_TASK PROMPT_. Here is a listing. Write it all out again exactly, but not its pictures.

_DATASET SECTION_.
•••••

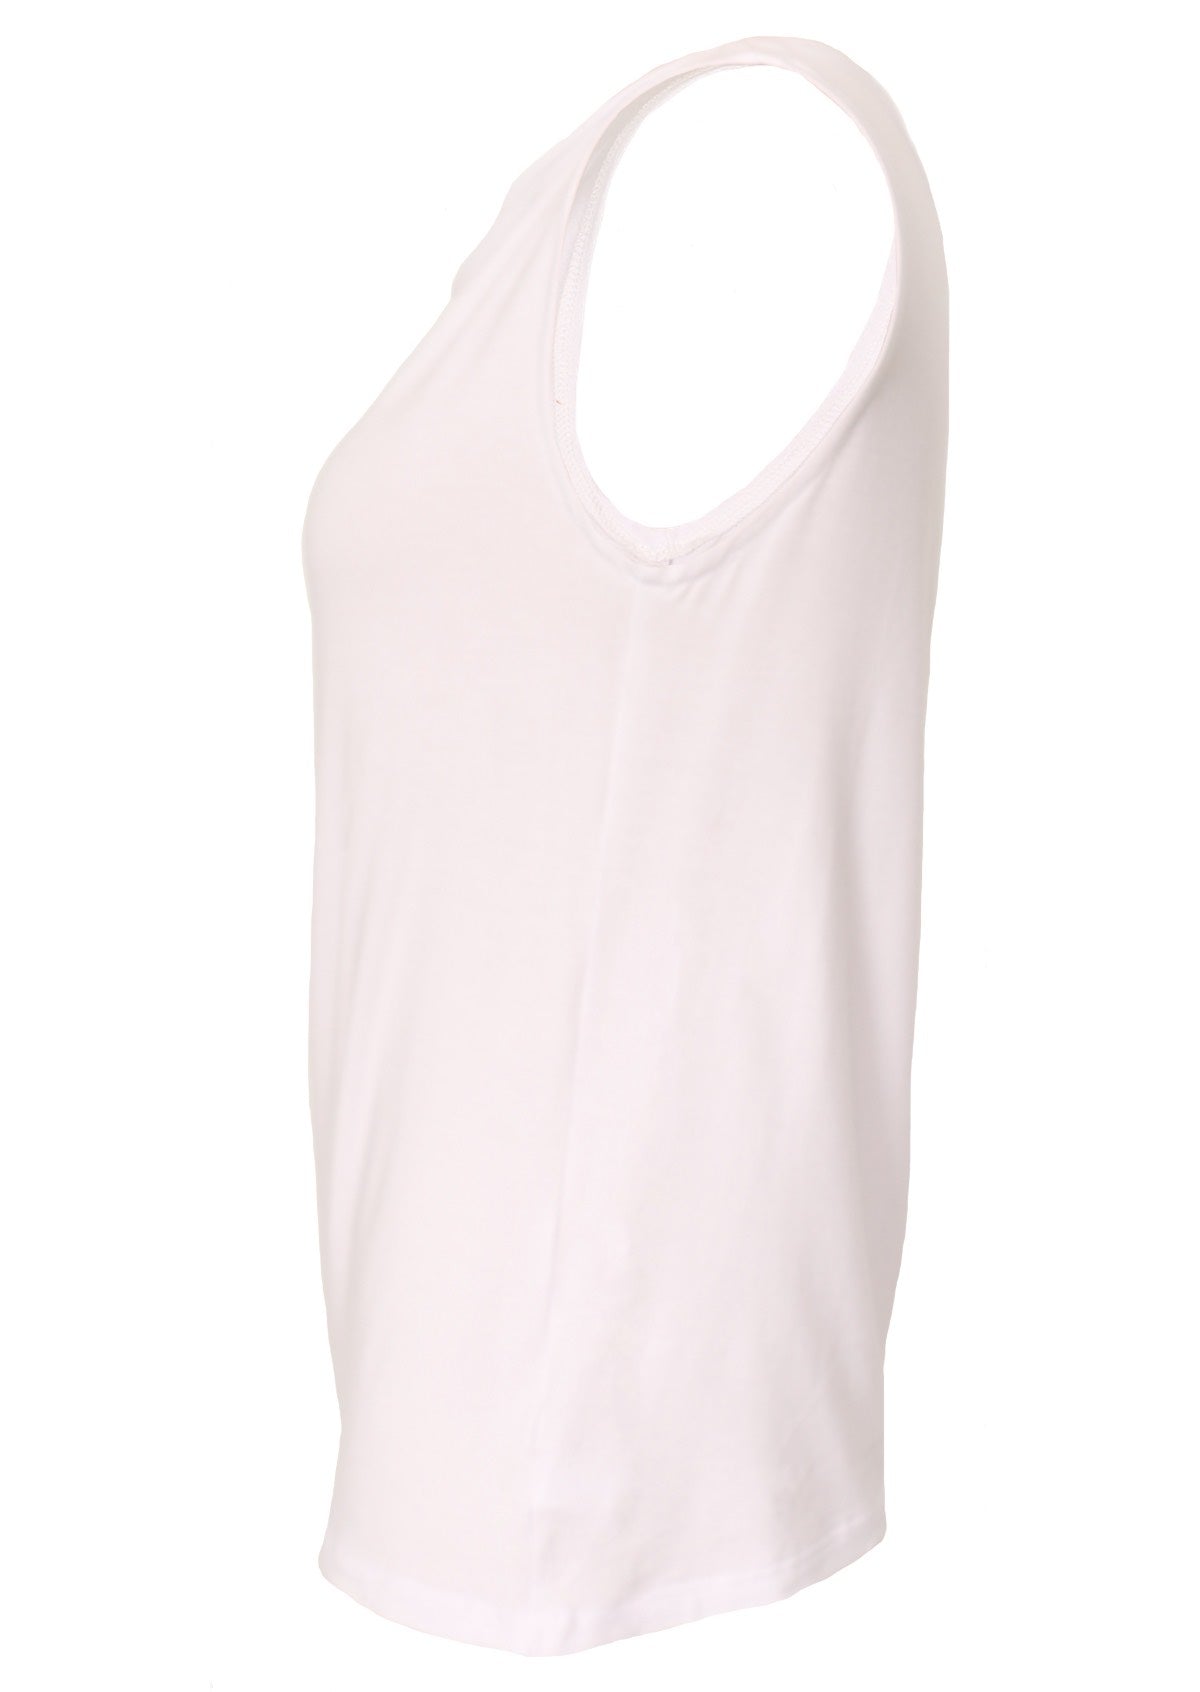 Side view sleeveless rayon white basic top
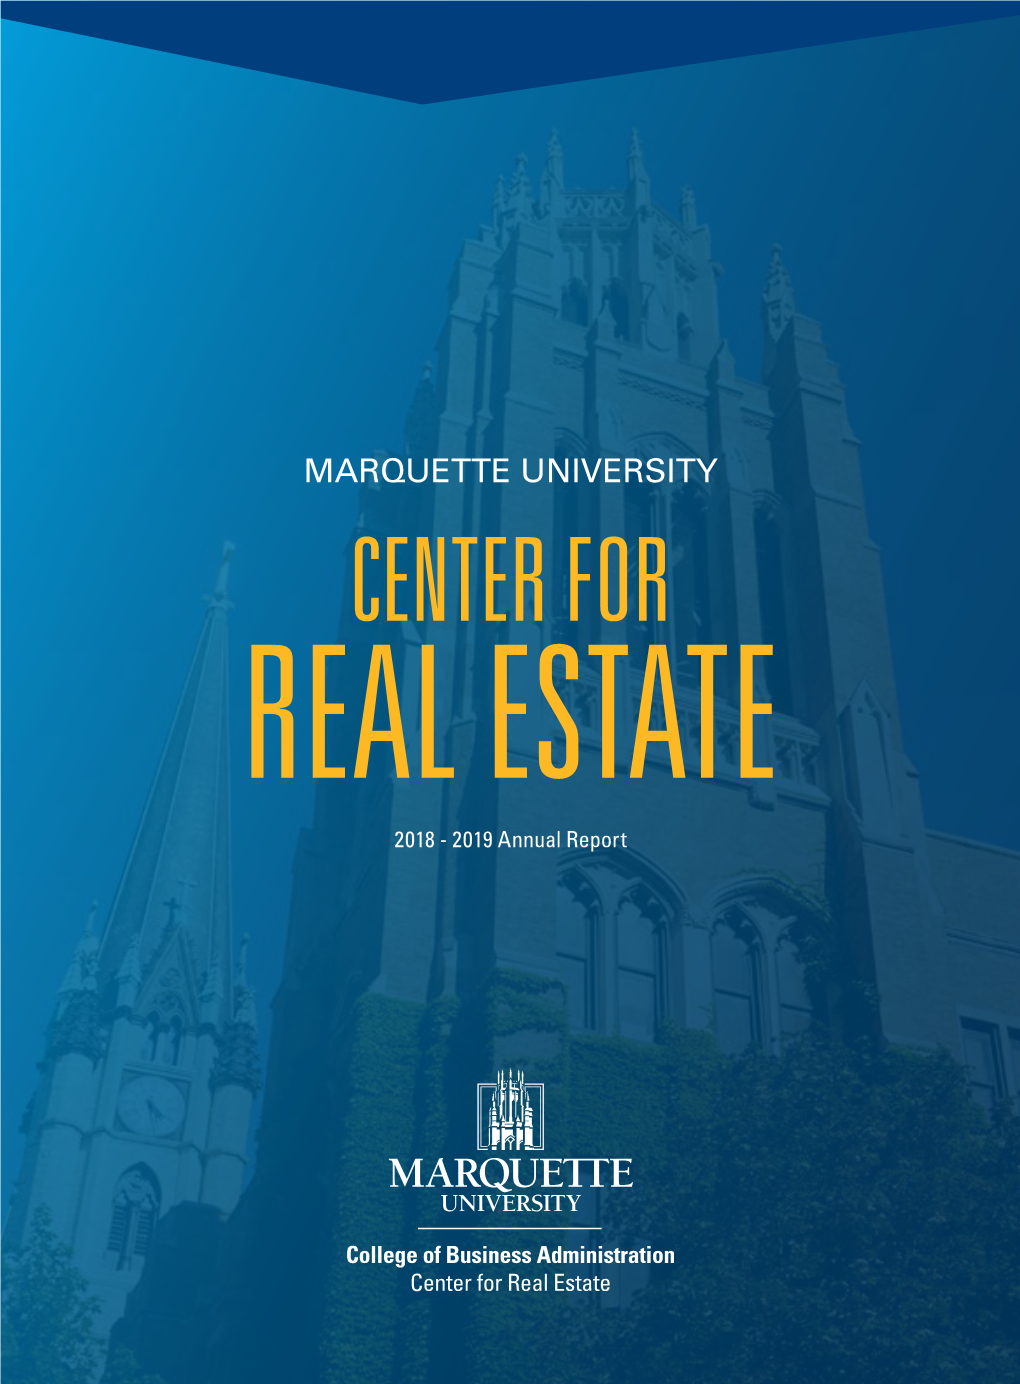 Marquette University Center for Real Estate
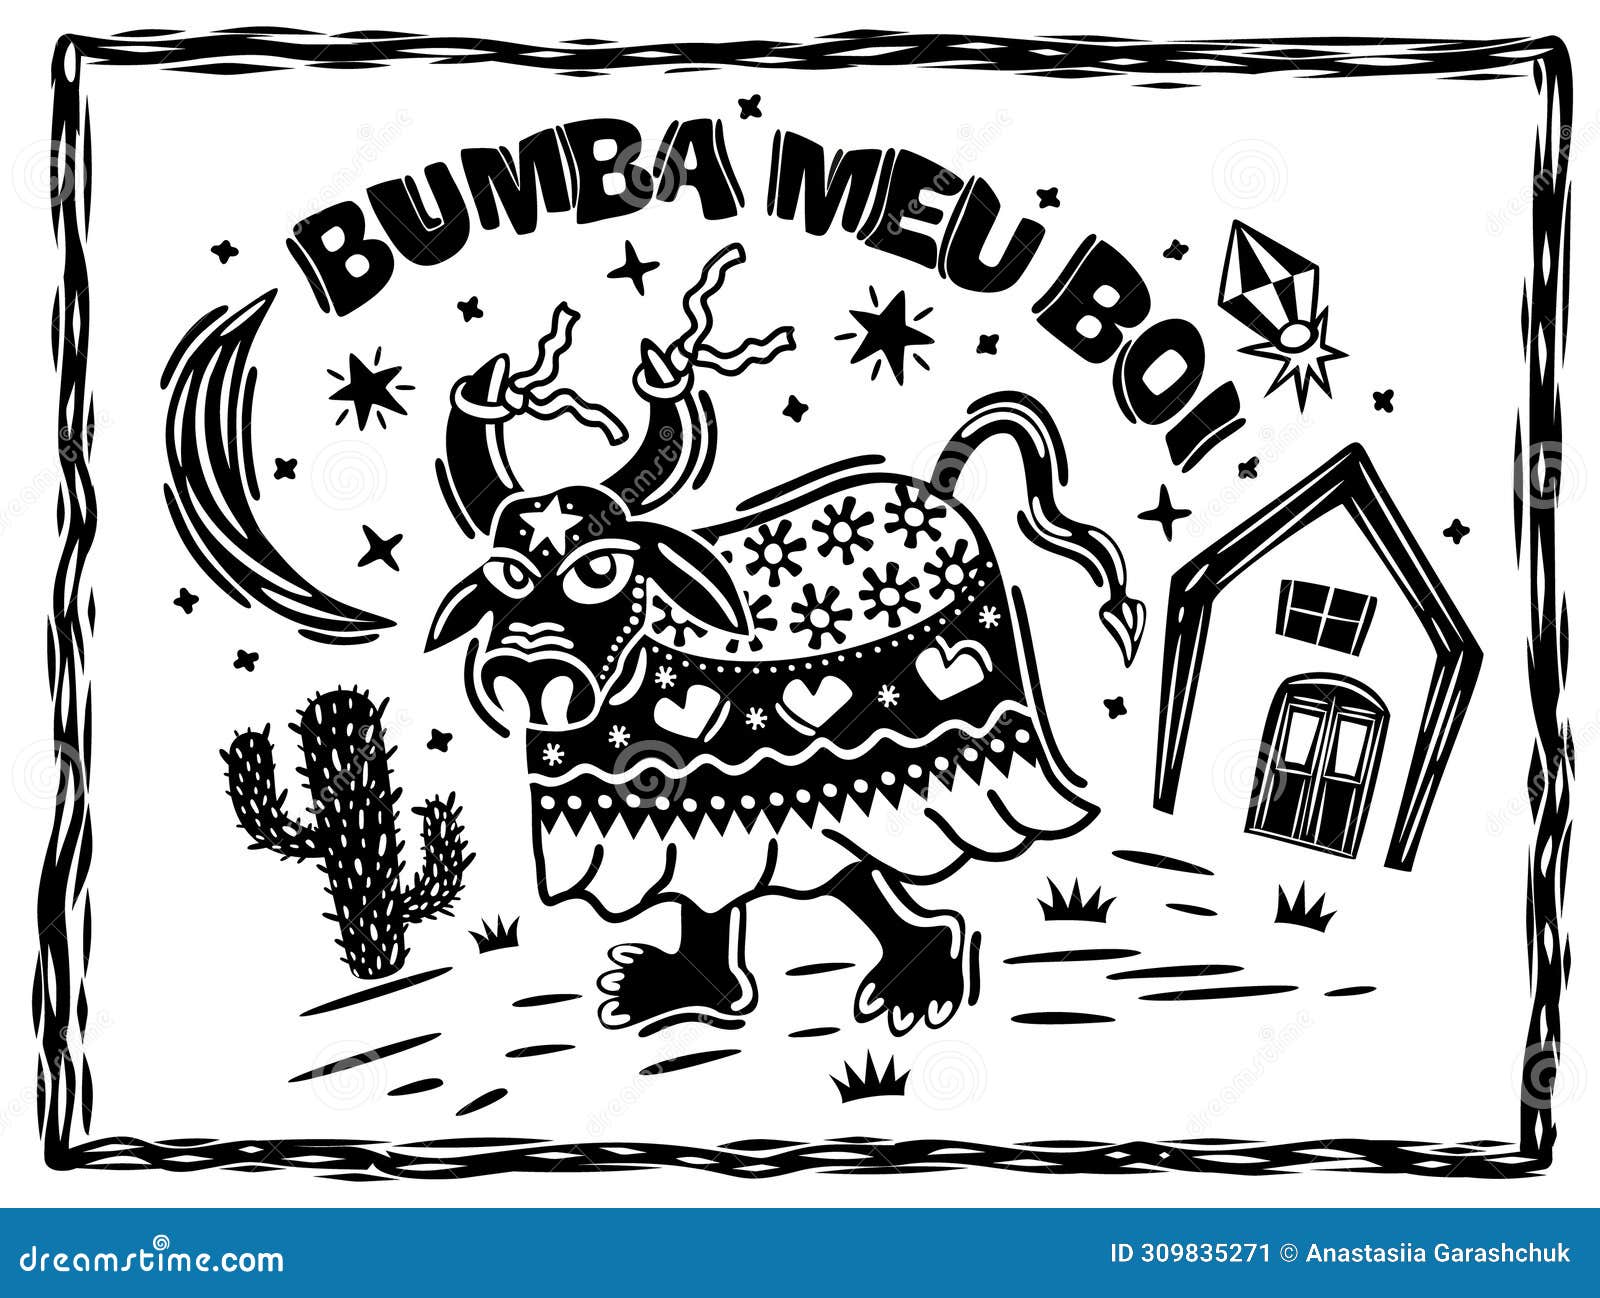 bumba meu boi. traditional folk dance from north-eastern brazil. cordel woodcut 
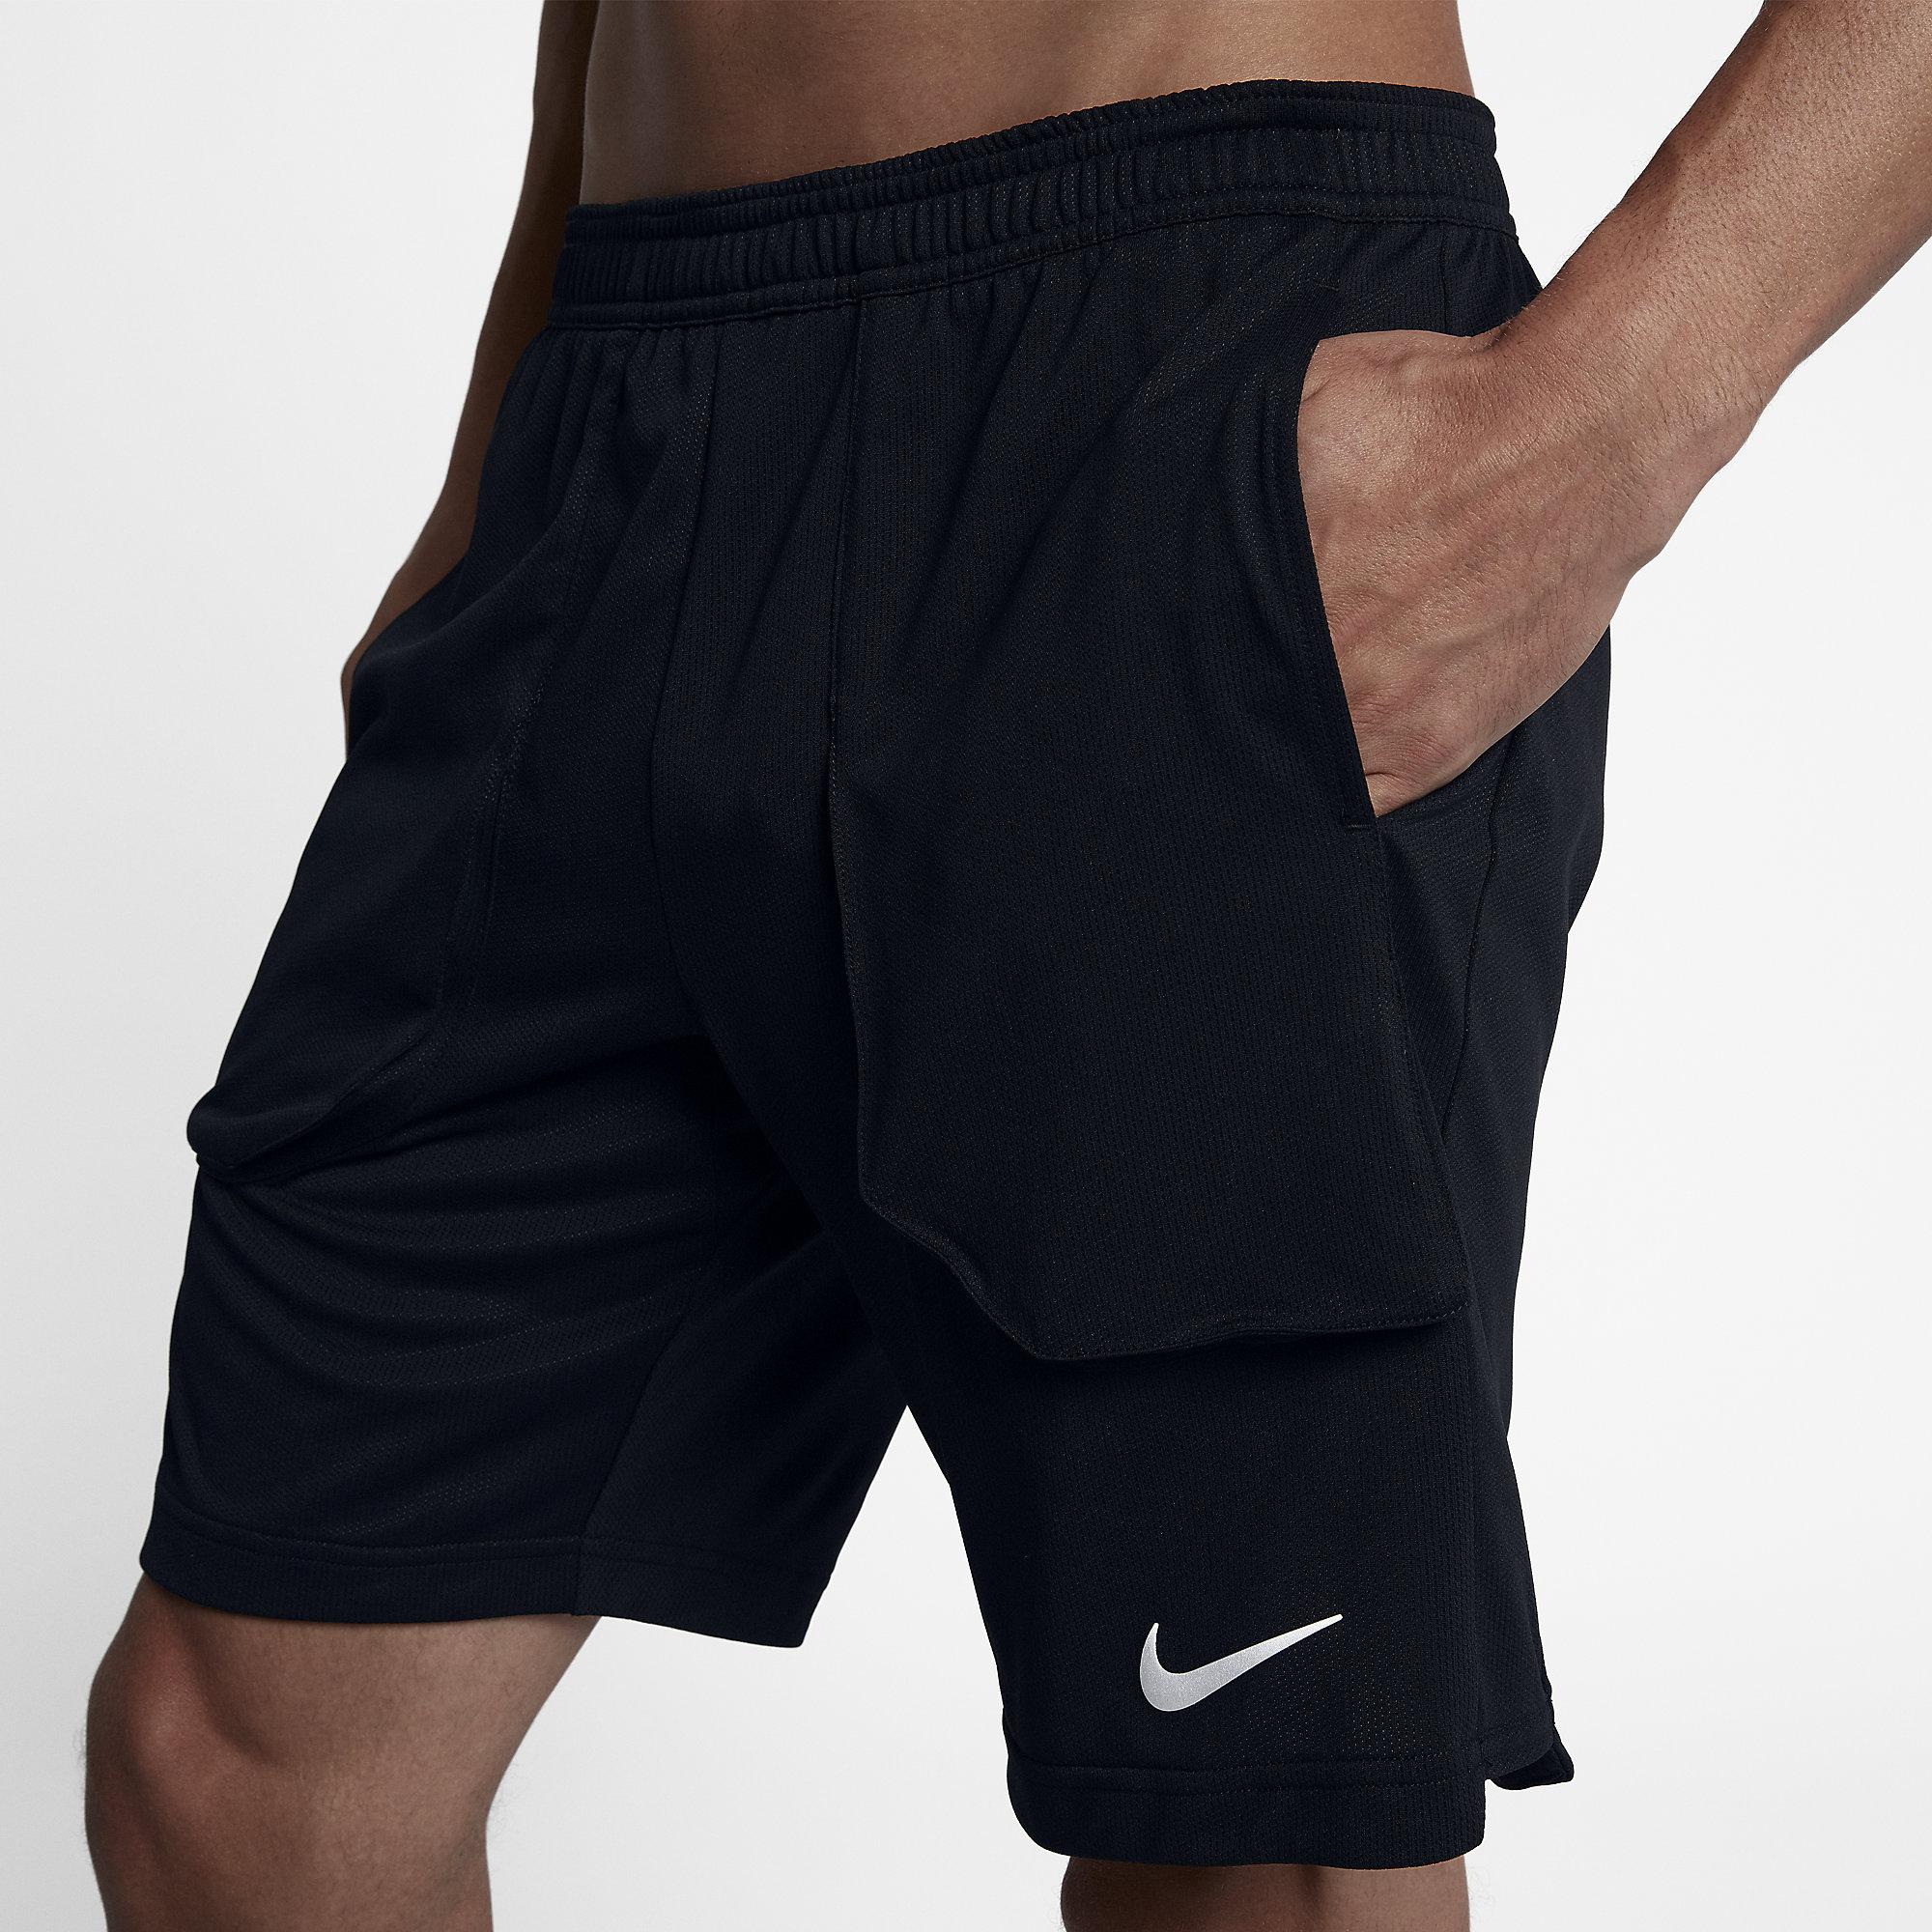 Nike Mens Breathe Tennis Shorts - Black/White - Tennisnuts.com

•••••

_EXERCISE OUTPUT_.
 Side view sleeveless rayon white basic top
 Marquette University Center for Real Estate
 bumba meu boi. traditional folk dance from north-eastern brazil. cordel woodcut 
 Nike Mens Breathe Tennis Shorts - Black/White - Tennisnuts.com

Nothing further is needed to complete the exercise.